This is a game, being played by adults.  At a picnic.  All right, the novel is mostly readable; that’s mostly not the problem.  I was planning on writing something more substantive, but unfortunately my schematism has flared up, so nothing too serious until I recover.

I have Vladimir Nabokov’s The Gift out because Chernyshevsky is the subject of one of its chapters, but it has also proved a helpful remedy for rigorism and schematism, by which I mean dull prose.  Just on the first couple of pages, a moving van has “a shamelessly exposed anatomy”; the name painted on its side “was shaded laterally with black paint; a dishonest attempt to climb into the next dimension.”  A man wears an overcoat “to which the wind imparted a ripple of life.”  The street “rose at a barely perceptible angle, beginning with a post office and ending with a church, like an epistolary novel.”

Ah, what relief, a writer who not only writes, but who put something interesting in every single sentence.  The Gift is about a young writer, a Russian émigré in Berlin.  His first book of poems has just been published, so he is in a heightened state of sensitivity to sensory impressions, which he funnels into the art-generating mechanism in his brain (“Someday, he thought, I must use such a scene to start a good, thick old-fashioned novel”).  Nabokov is not merely showing off.

A couple of pages later is this dull thing: “His landlady let him in and said that she had left his keys in his room.”  The sentence is secretly referring to the end of the novel, 350 pages later.  Its plainness is almost a tell.  Keep an eye on this one, there’s a trick somewhere.

All of this is extremely Proustian, perhaps the most purely Proustian stuff Nabokov ever wrote.  By chance I am just at the point in Time Regained where the narrator has achieved a heightened state of sensitivity to sensory impressions, allowing to him to solve the problem of his artistic vocation and begin writing a novel much like, but not the same as, the Proust novel he narrates, just as the writer in The Gift likely someday writes a novel much like The Gift, which will also contain

the tobacconist’s speckled vest with mother-of-pearl buttons and his pumpkin-colored bald spot.  Yes, all my life I shall be getting that extra little payment in kind to compensate my regular overpayment for merchandise foisted on me.

Nabokov, Dostoevsky, and others demonstrate that even the reading of What Is to Be Done? has some compensations.  People read it and then write masterpieces.

Sunday, March 30, 2014

Nothing in an intelligible language - Lars Gustafsson's profession

The first two books of Lars Gustafsson’s that I read were collections, tiny little selections from his work covering a career of twenty years or more.  I read each poem as a poem, but I also read the books like I read novels, like I read Niels Lyhne, scouring them for the little markers that connect one poem to another the way Jacobsen’s flowers and moss pulled distant scenes together.

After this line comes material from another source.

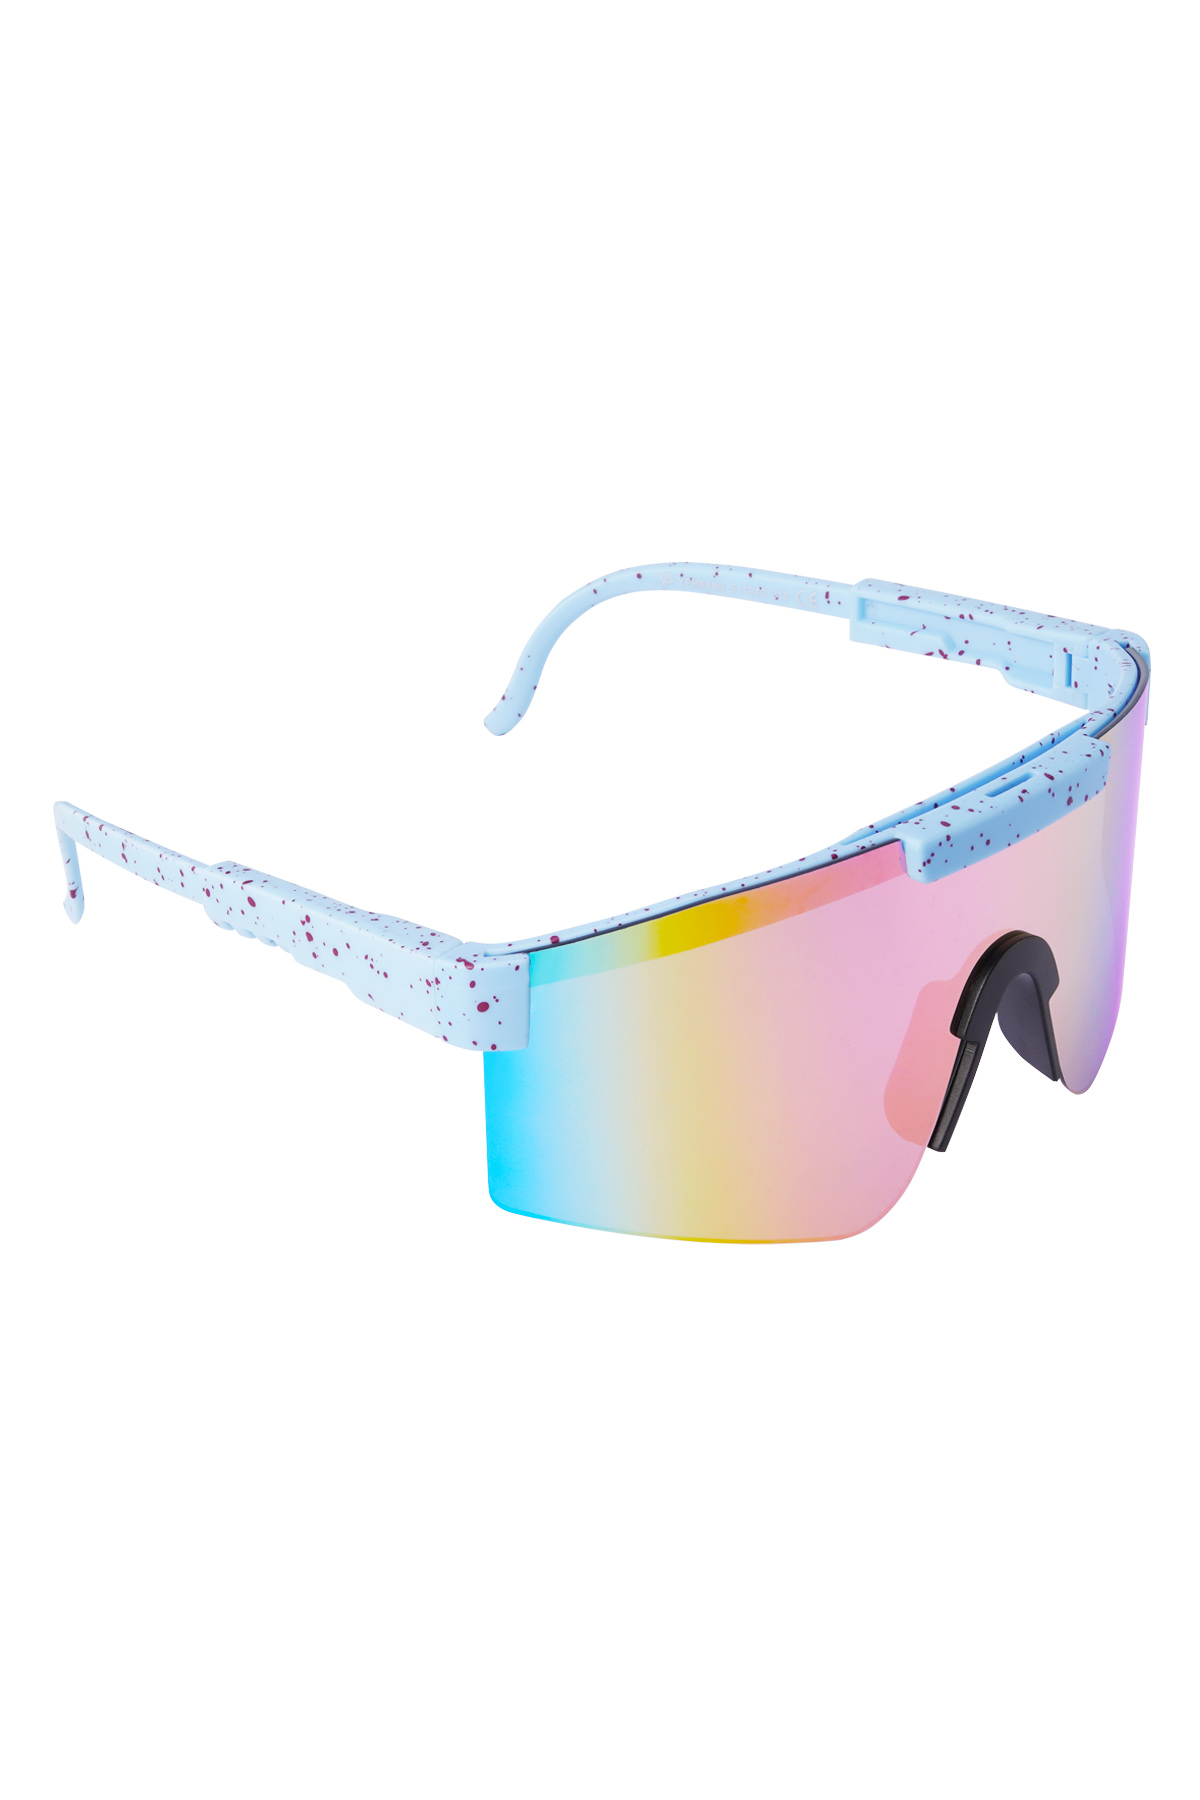 Sunglasses print colored lenses - blue h5

Or more simply if I do not understand a poem I move to the next one.  Perhaps it will have a clue to the previous poem.

A well-written novel, within my usual sense of “well-written,” has to contain such clues.  A book of poems, especially a selection, has so such obligation.  Individual poems may well be radically dissociated.  Not usually, though.

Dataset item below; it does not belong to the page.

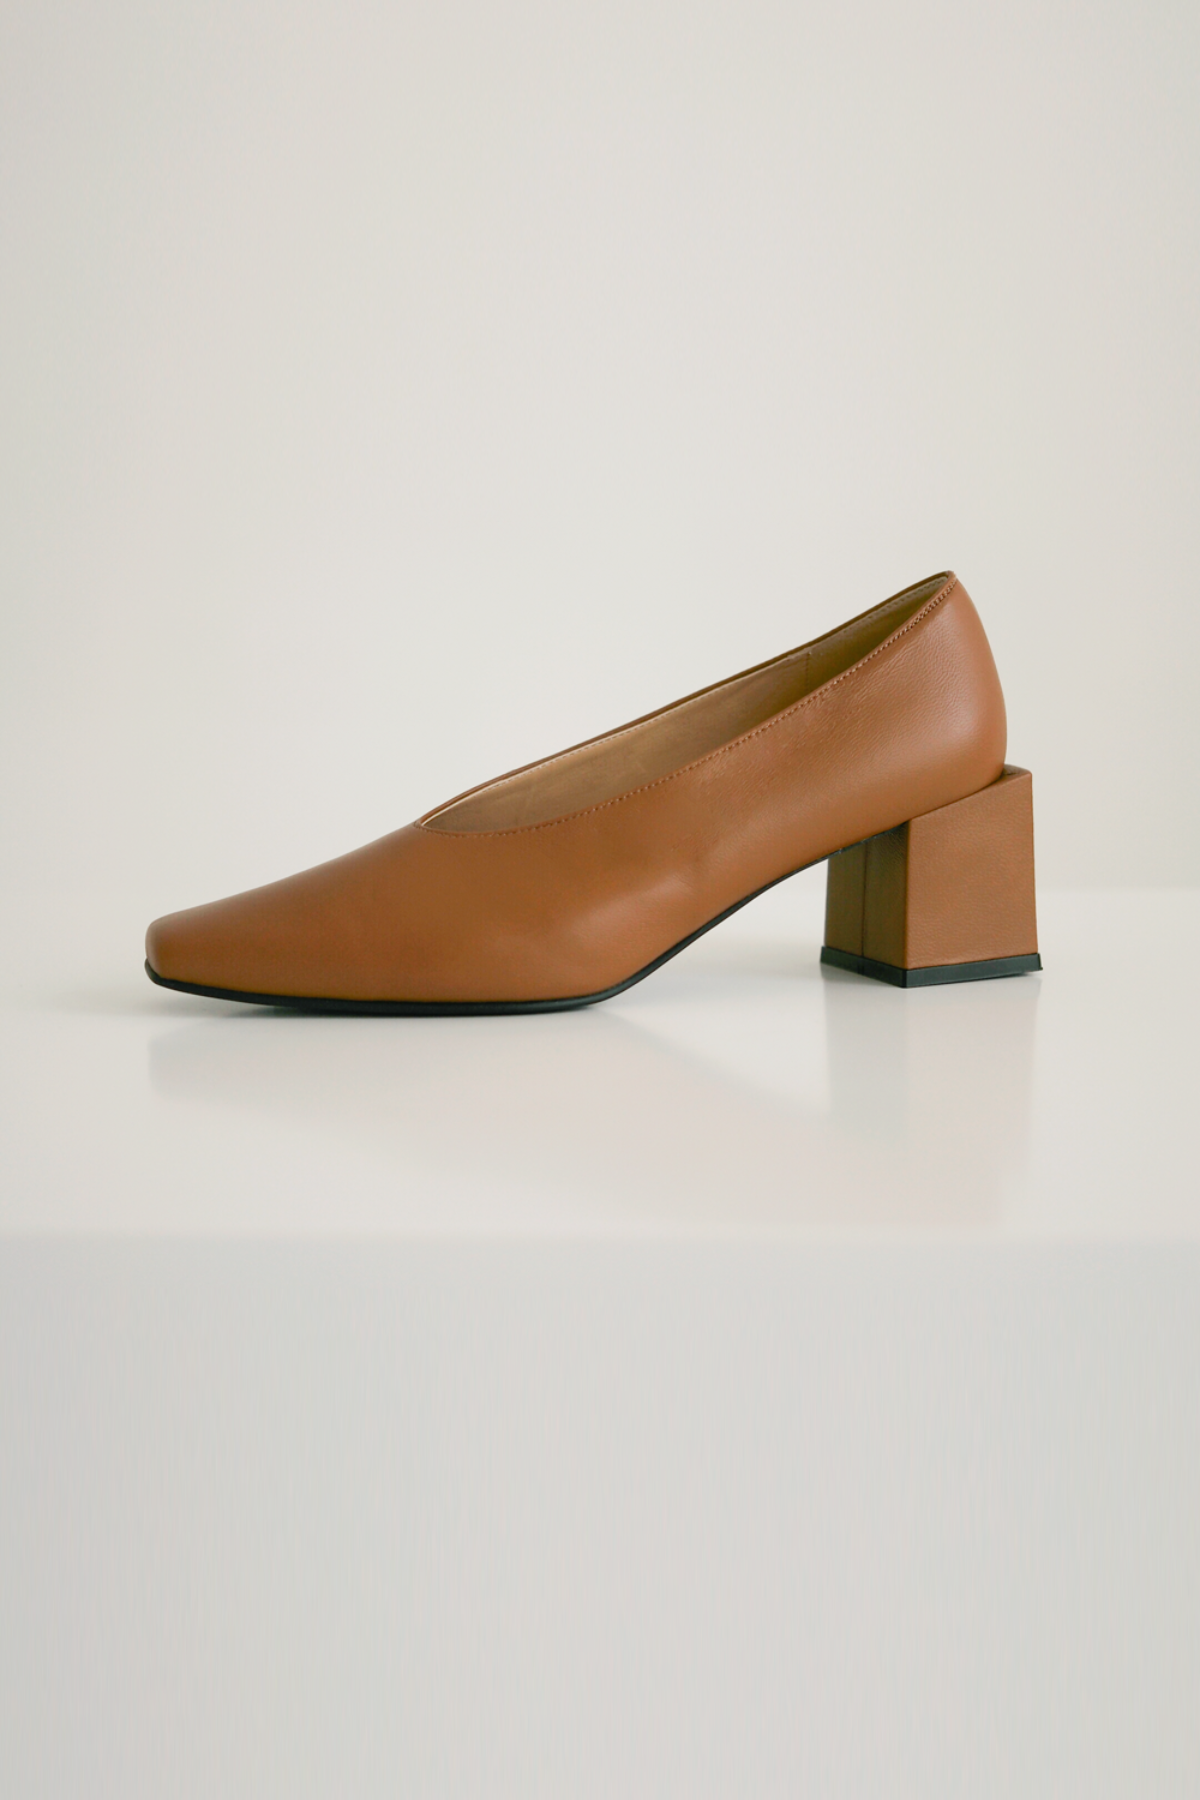 ANTHÈSE venica square middle heel, camel (40%)당일발송

Thus I discover that Gustafsson is fond of images of flight – birds or balloons or the Wright brothers – and that he loves dogs.  “I don’t know if I like cats. / Dogs are more my sort of animal” (from “Sleeping with a Cat in the Bed”).  And he has not just a poet’s but a philosopher’s interest in language.  In “Of Course Superman Is Clark Kent” Gustafsson describes his early philosophical training in the ideas of W. V. O. Quine “who always  / greeted me so kindly at the tobacconist’s / on Harvard Square,” including their preposterous results (“that Clark Kent is not Superman…  Did we really believe all this / in my youth?”).

A Time in Xanadu (2002, tr. 2008 by John Irons) is the one complete book of Gustafsson’s poems available in English.  It begins with a poem about language:

(Let L be a language
composed as follows:
V is a vocabulary
with words for love, hate, despair,
dreaming and waking, snaps and stinging nettles.  (“Monologue for Some Prince in Denmark”)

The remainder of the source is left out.